A series of new Stifel research reports focus on three companies that have upcoming clinical data that could prove to be huge. Numerous reasons why the stocks are very attractive now are cited, and all three are rated Buy at Stifel.

Argenx

The stock was hit on some recent clinical safety data, and Stifel says buy the dip. Argenx S.E. (NASDAQ: ARGX) is a Netherlands-based biopharmaceutical company that creates and develops a pipeline of differentiated antibody therapeutics using its discovery platform, Simple Antibody, which exploits characteristics of the llama immune system. The pipeline of antibody therapeutics is focused on cancer and autoimmune indications.
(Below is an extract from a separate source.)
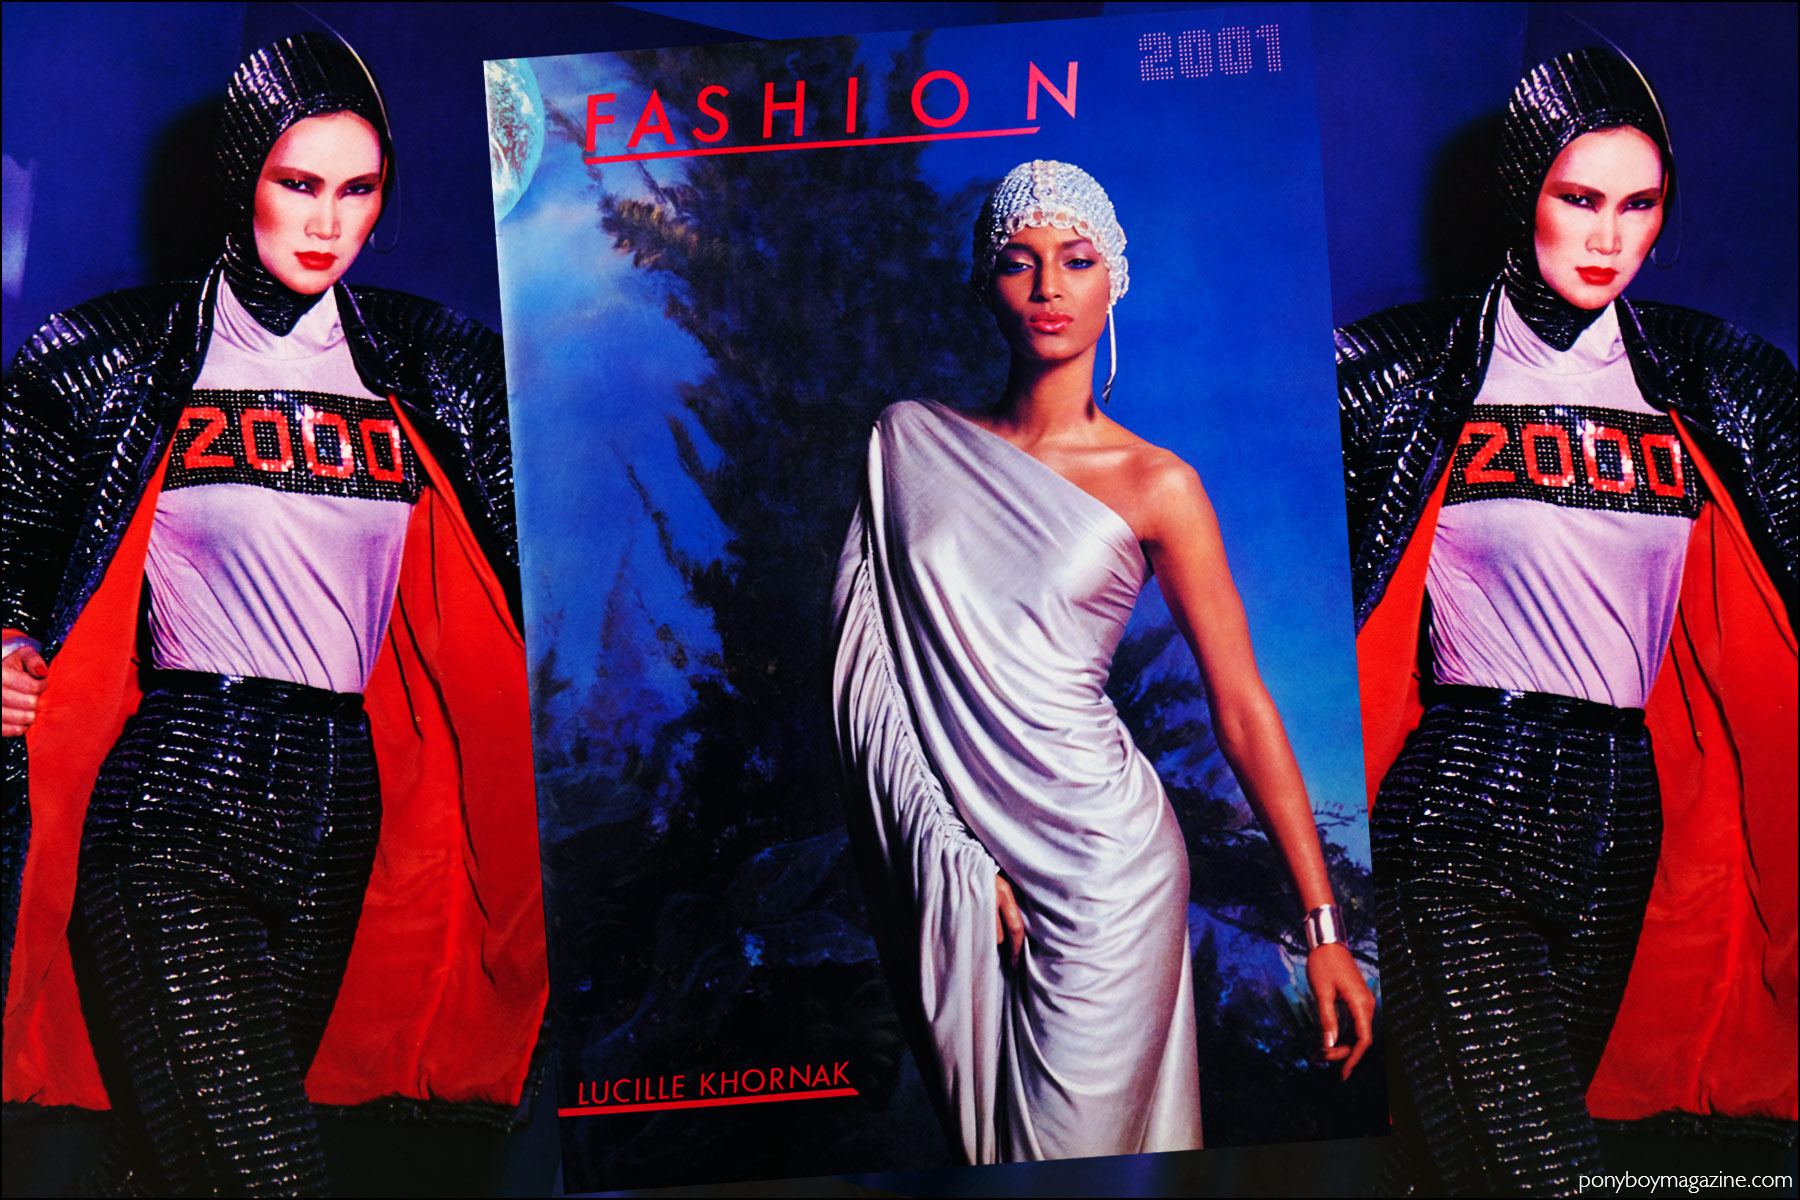 Fashion: 2001 by Lucille Khornak. Ponyboy magazine.

The safety issue hit the stock hard, and Stifel noted this:

We think investors are overreacting to the additional safety data disclosed from efgartigimod’s Phase 2 study in immune thrombocytopenia (ITP) and would be buyers on the weakness. Although, we recognize it may take additional data, which the company expects to present at the American Society of Hematology (ASH) in December, for some investors to get more comfortable, we know: (1) patients treated with efgartigimod in the study and who were in response (had a platelet count of 50×10^9/L) did not experience bleeds.

The Stifel price target is a massive $139, but the Wall Street consensus target is even higher at $150.26. The stock closed Thursday at $80.20 a share.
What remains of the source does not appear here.